Selanjutnya Ibnu Katsir menjelaskan, “Akan tetapi Allah memberi rizki pada
mereka sesuai dengan pilihan-Nya dan Allah selalu melihat manakah yang
maslahat untuk mereka. Allah tentu yang lebih mengetahui manakah yang
terbaik untuk mereka. Allah-lah yang memberikan kekayaan bagi mereka yang
Dia nilai pantas menerimanya. Dan Allah-lah yang memberikan kefakiran bagi
mereka yang Dia nilai pantas menerimanya.”[7]

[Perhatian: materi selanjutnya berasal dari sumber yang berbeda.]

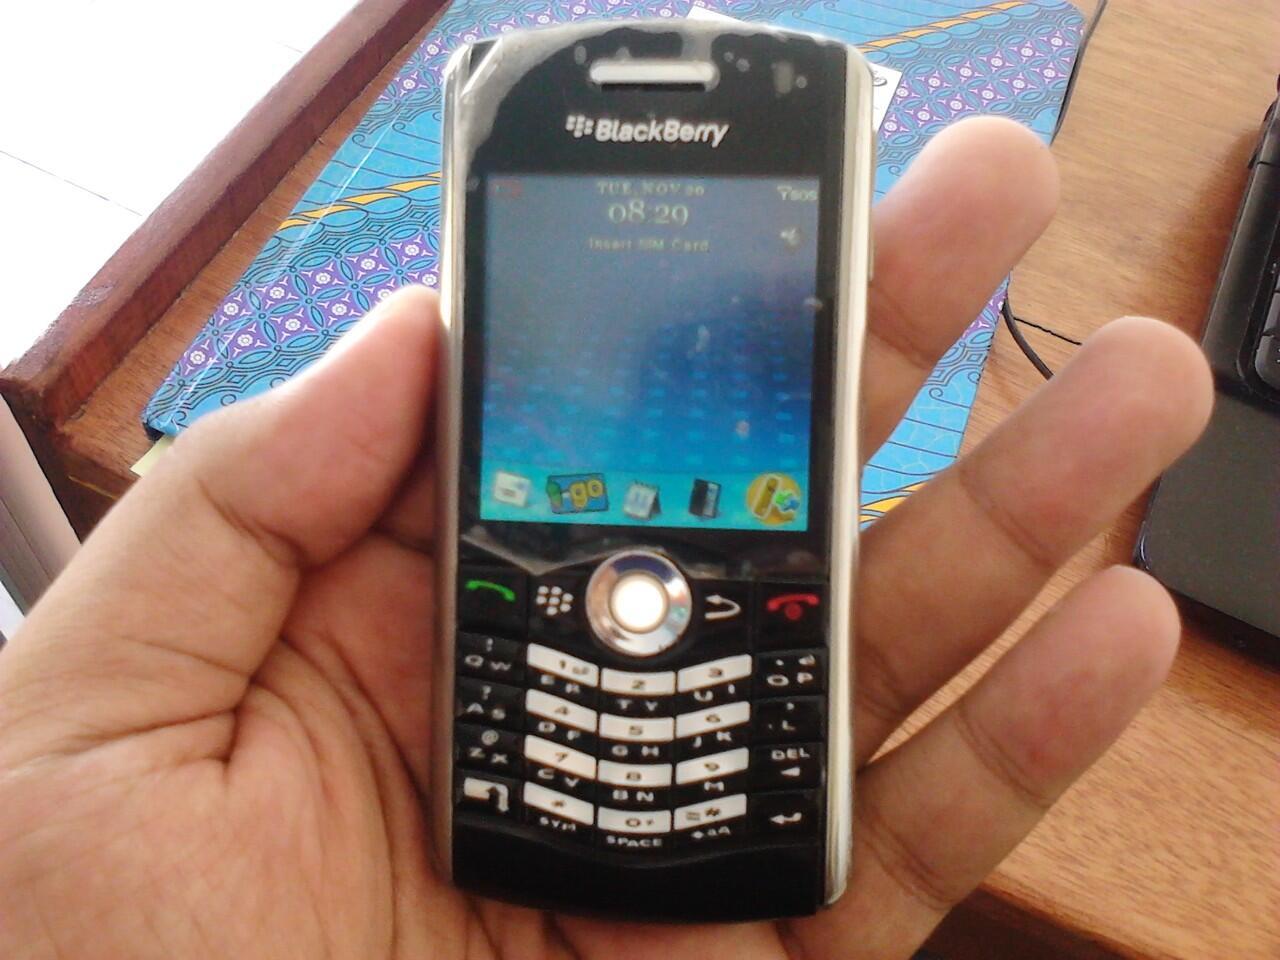 JUAL BB 8120 GSM MURAH BARU 1 BULAN BELI
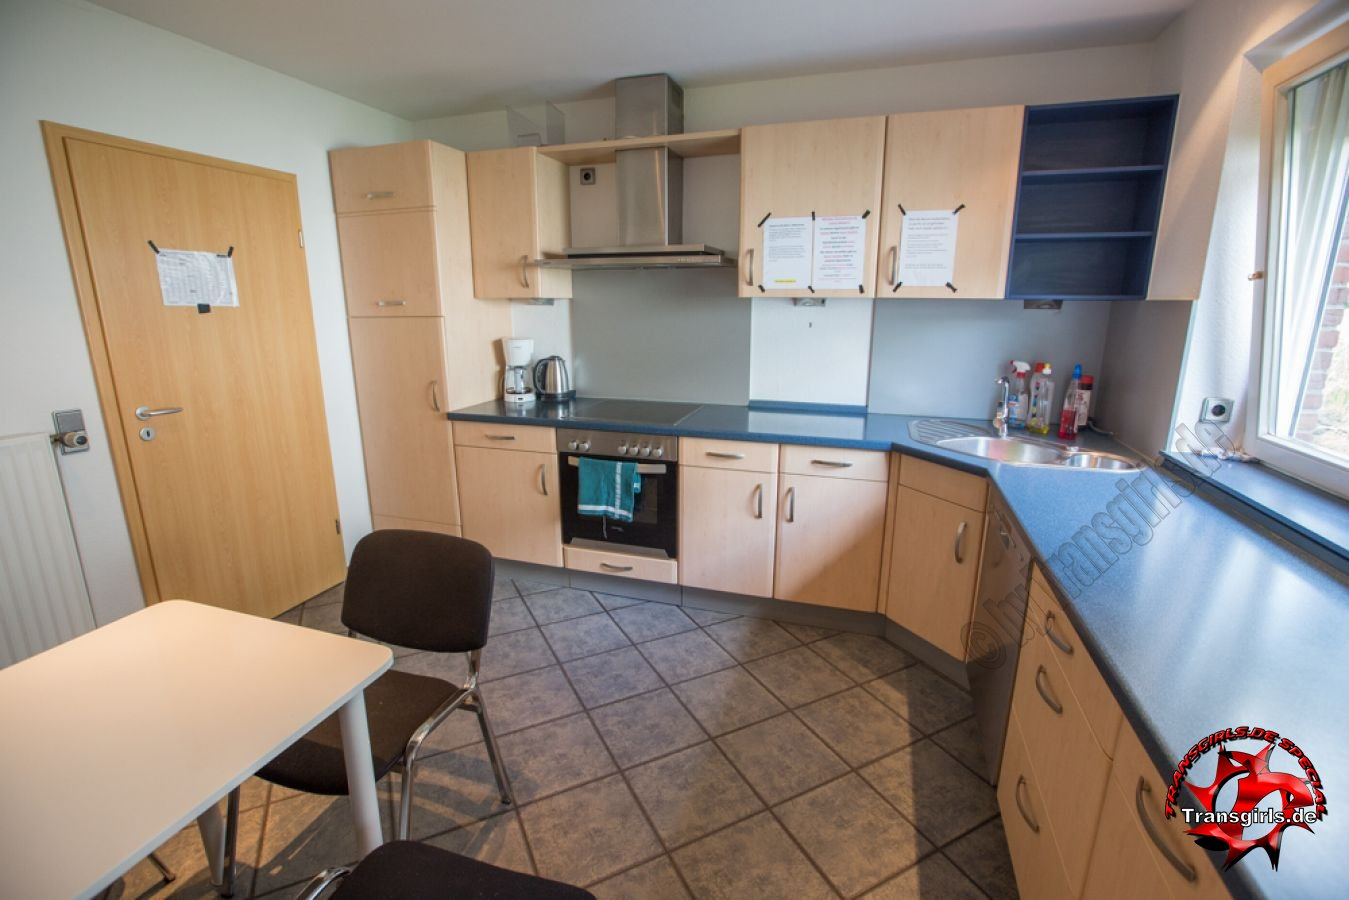 Fotos Bilder von Appartement Rendsburg Vermietung von Arbeitswohnungen für Shemales Transen TS TV Ladies in Rendsburg Ortsteil nicht angegeben

Patut diingat pula bahwa nikmat itu adalah segala apa yang diinginkan
seseorang. Namun apakah nikmat dunia berupa harta dan lainnya adalah nikmat
yang hakiki? Para ulama katakan, tidak demikian. Nikmat hakiki adalah
kebahagiaan di negeri akhirat kelak. Tentu saja hal ini diperoleh dengan
beramal sholih di dunia. Sedangkan nikmat dunia yang kita rasakan saat ini
hanyalah nikmat sampingan semata. Semoga kita bisa benar-benar
merenungkan hal ini.[8]

Jadilah Hamba yang Rajin Bersyukur


Pandai-pandailah mensyukuri nikmat Allah apa pun itu. Karena keutamaan
orang yang bersyukur amat luar biasa. Allah Ta’ala berfirman,

“Dan kami akan memberi balasan kepada orang-orang yang bersyukur.” (QS.
Ali Imron: 145)

“Dan (ingatlah juga), tatkala Tuhanmu memaklumkan; “Sesungguhnya jika


kamu bersyukur, pasti Kami akan menambah (nikmat) kepadamu, dan jika
kamu mengingkari (nikmat-Ku), maka sesungguhnya azab-Ku sangat pedih”.”
(QS. Ibrahim: 7)

Ya Allah, anugerahkanlah kami sebagai hamba -Mu yang pandai bersyukur


pada-Mu dan selalu merasa cukup dengan segala apa yang engkau beri.